La Campaña al Desierto, expansión capitalista

Mientras los imperialismos del mundo se consolidaban, en Argentina el flamante Estado Nación extendía sus fronteras. Los dos movimientos tuvieron un mismo objetivo: ampliar la territorialidad de la expansión capitalista. ¿Coincidencia?

06/12/2020
Adrián Moyano

Rosa Luxemburgo

Hay ciertas coincidencias cronológicas que son espeluznantes. Cuando historió brevemente sobre el último cuarto del siglo XIX, Rosa Luxemburgo resaltó “el auge que ha experimentado el capitalismo en la Europa reconstruido después del período de guerra de los años 60 y 70”. La inagotable luchadora puntualizó “la larga depresión que siguió a la fiebre especulativa y al crack financiero de 1873”, a los que continuó un período alcista de intensidad desconocida hasta ese momento.

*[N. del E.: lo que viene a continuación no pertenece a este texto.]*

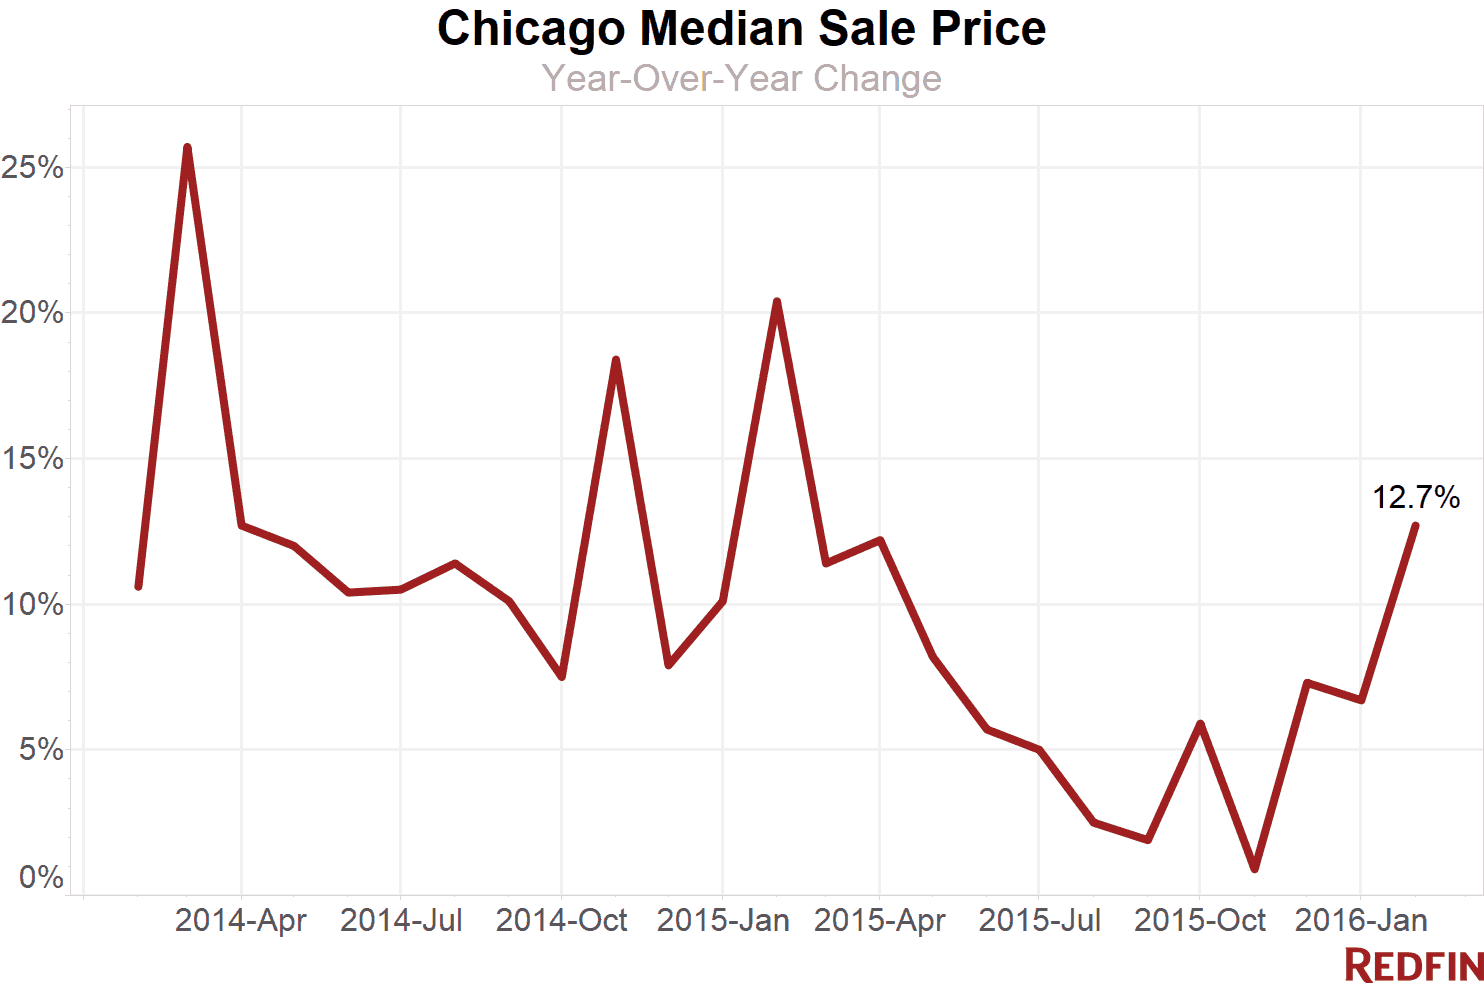 Chicago home prices

El ciclo expansivo empujó a los Estados europeos a disputar “una carrera por la conquista de países y territorios no capitalistas en el mundo”.

En los mapas argentinos que se utilizaron hasta 1875, la frontera del capitalismo se situaba en la provincia de Buenos Aires, sur de Santa Fe y Córdoba, más centro de San Luis y Mendoza, si tomáramos como referencias las jurisdicciones provinciales de la actualidad. Cuando en Londres, París o Berlín observaban el globo terráqueo, tenían plena conciencia de que la así llamada Patagonia y también la Araucanía, estaban fuera de los mercados que demandaban materias primas y ofertaban manufacturas.

Tropas argentinas en el fortín Codihue. A caballo, Ruibal, captor de Purran

Escribió la revolucionaria: “Desde los años 80 se viene notando un nuevo impulso extraordinariamente enérgico encaminado a las conquistas coloniales. Inglaterra se apodera de Egipto y crea en Sudáfrica un vasto imperio colonial; Francia ocupa Túnez en el norte de África y Tonquín en Asia oriental; Italia pone su pie en Abisinia; Rusia termina sus  conquistas en Asia central y penetra en Manchuria; Alemania en África y en el Océano Pacífico sus primeras colonias; finalmente, los Estados Unidos también se unen al coro y adquieren con las Filipinas sus ‘intereses’ en Asia Oriental”.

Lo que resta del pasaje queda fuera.